Ministry of Health is investigating two cases of children who developed serious skin problems after being vaccinated against measles-rubella.
Dr Ruth Jane Aceng the Health Minister said on Friday, the cases are from the same family and samples have been sent to Virus Research Institute and Centres for Disease Control and Prevention for further investigation.
“We need to investigate and inform the public what it is due to. Rashes are not occurring as a new occurrence even before the measles rubella vaccine we used to have people coming in with a rash, because there are lot of viral infections that are going on so it’s only we partnered that we establish the exact cause of rash and give you information,” Dr Aceng said.
She said:“The children we have admitted belong to one family and it is from that one family that we lost a child and the other two children are there. Why is it not affecting other families we need to answer that question and it can only be answered when we investigate to find out the cause, that is what the doctors are doing right now.”
According to the preliminary information, the rash is not related to the measles-rubella vaccine.
In October, government embarked on mass campaign where over 19 million children were immunised against measles rubella and over seven million children against polio.
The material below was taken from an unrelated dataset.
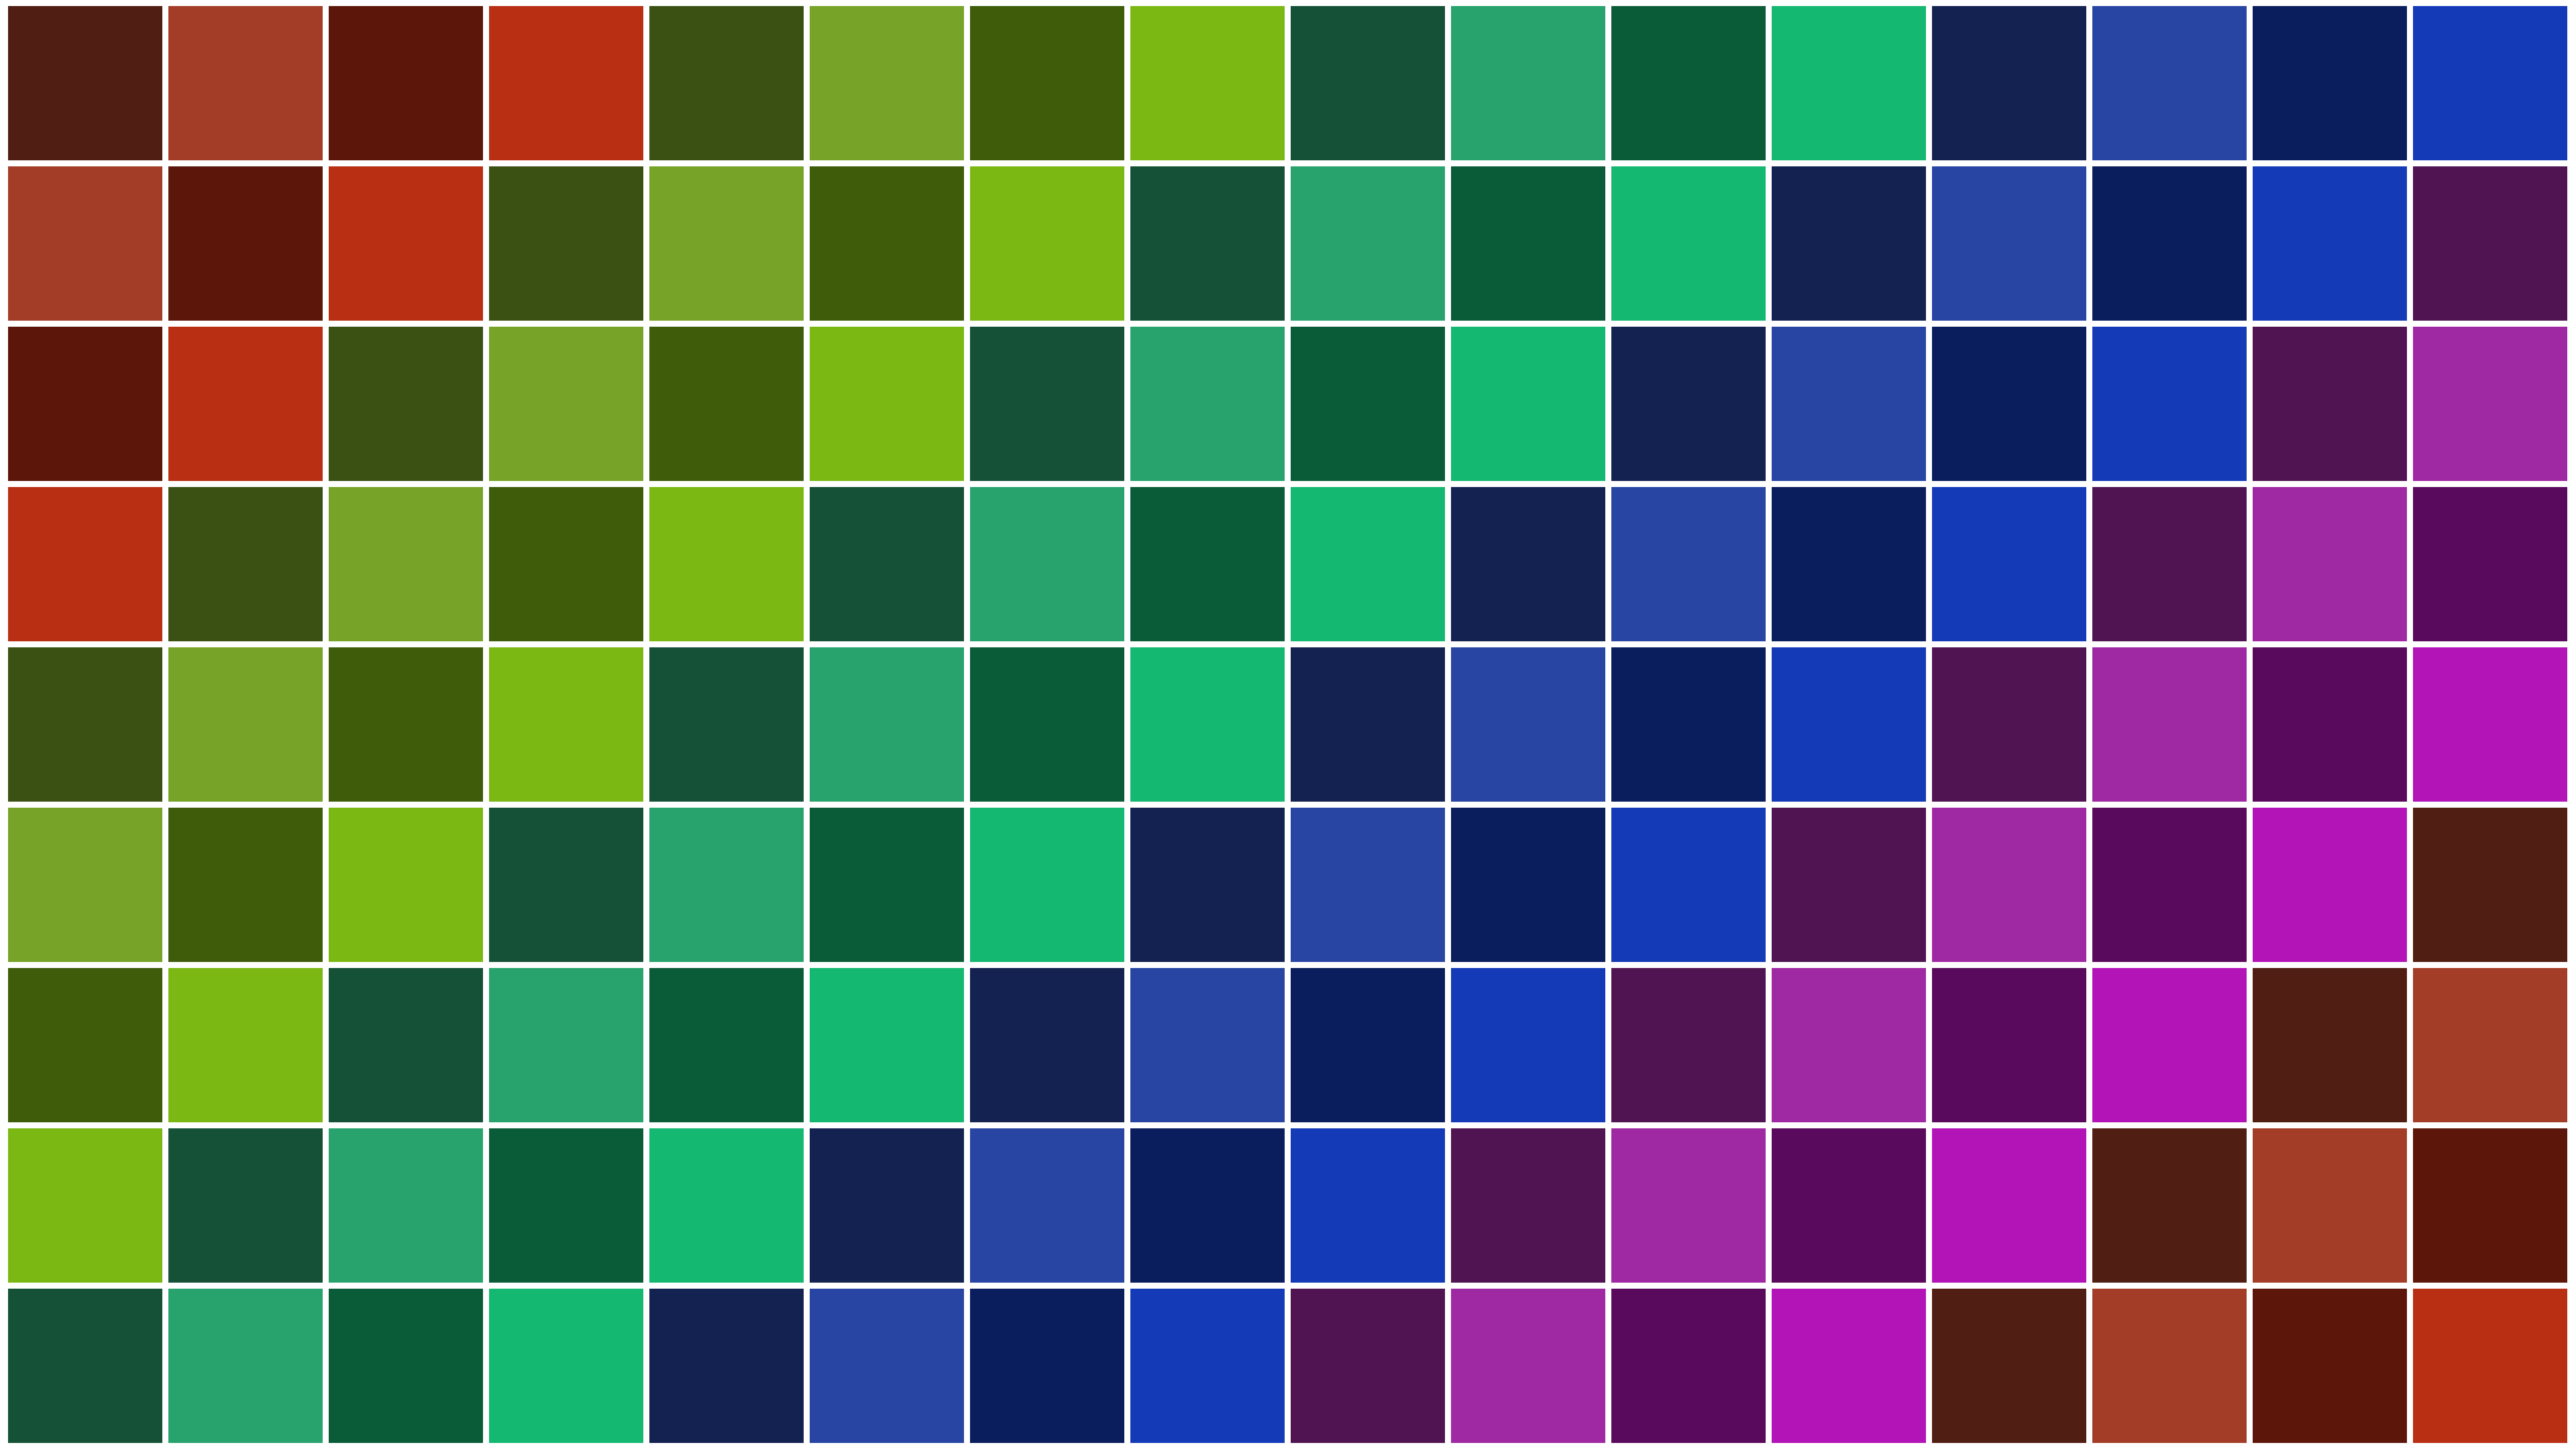 Palette 4K wallpaper for your desktop or mobile screen free and easy to download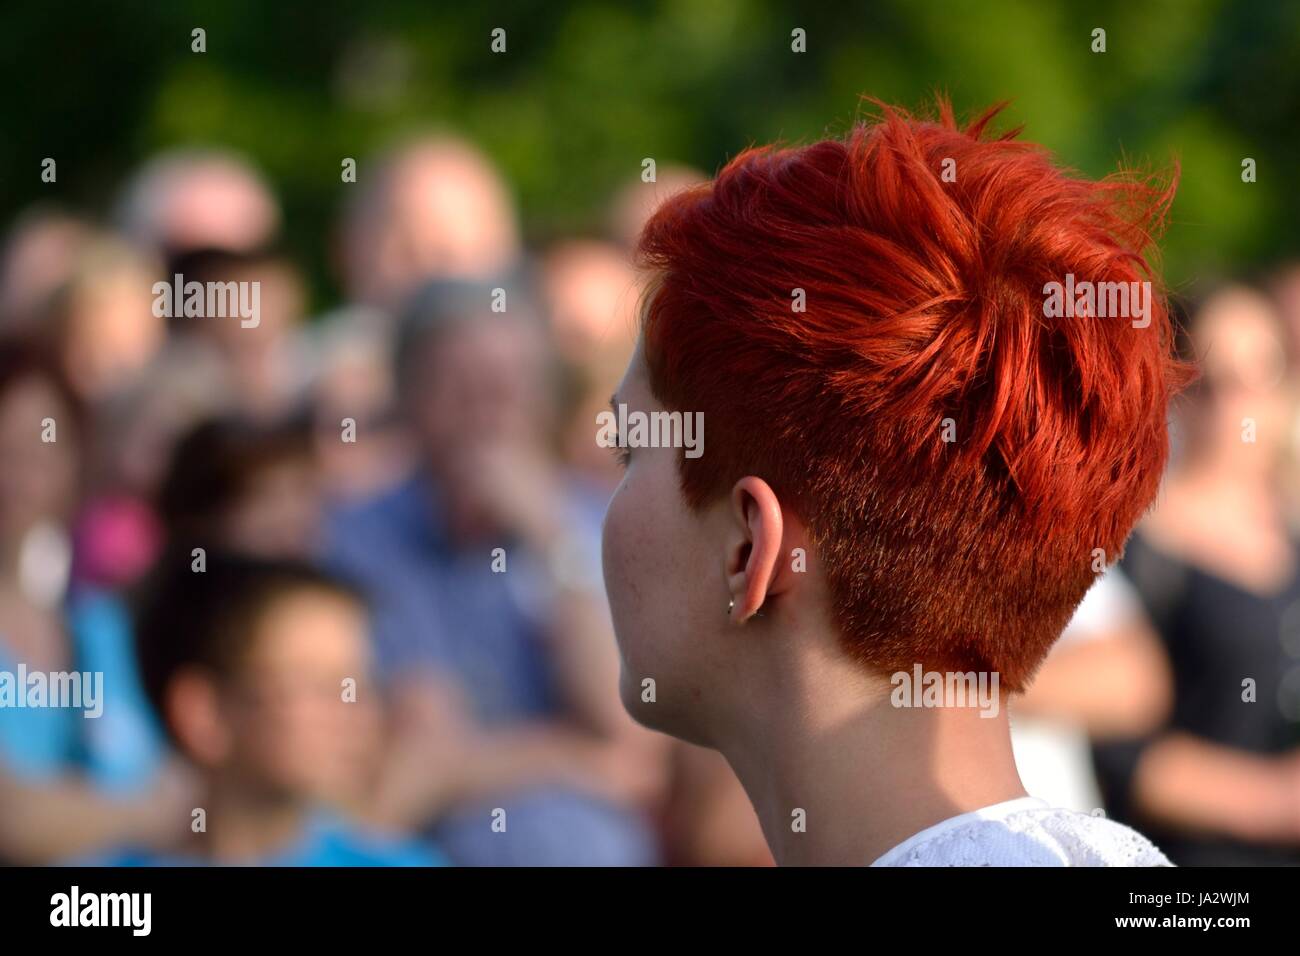 hairs, hairdo, teenager, colour of hair, dyer, staint, pigment, hairs,  hairdo Stock Photo - Alamy

According to the government, as a result the mass immunisation, most of the isolation wards have since returned to measles free status and have been closed.
Dr Aceng said that the vaccine is safe and it is indicated by World Health Organisation (WHO)
Dr Yonas Tegegn Woldemariam, the WHO country representative said the measles-rubella vaccine is safe and was prequalified after undergoing vigorous monitoring and tests.
Like any pharmaceutical products, according to health officials, the measles-rubella vaccine has side effects.
They say the effects are always minor and temporary according to the Health Ministry.
The common minor side effects include soreness redness or rash at injection site, fever or swelling of the glands in the cheeks or neck.
Serious side effects are rare and may include, bleeding disorders and other hypersensitivity reactions.
Over the last three years, at least 120 districts annually reported suspected cases through the weekly surveillance system.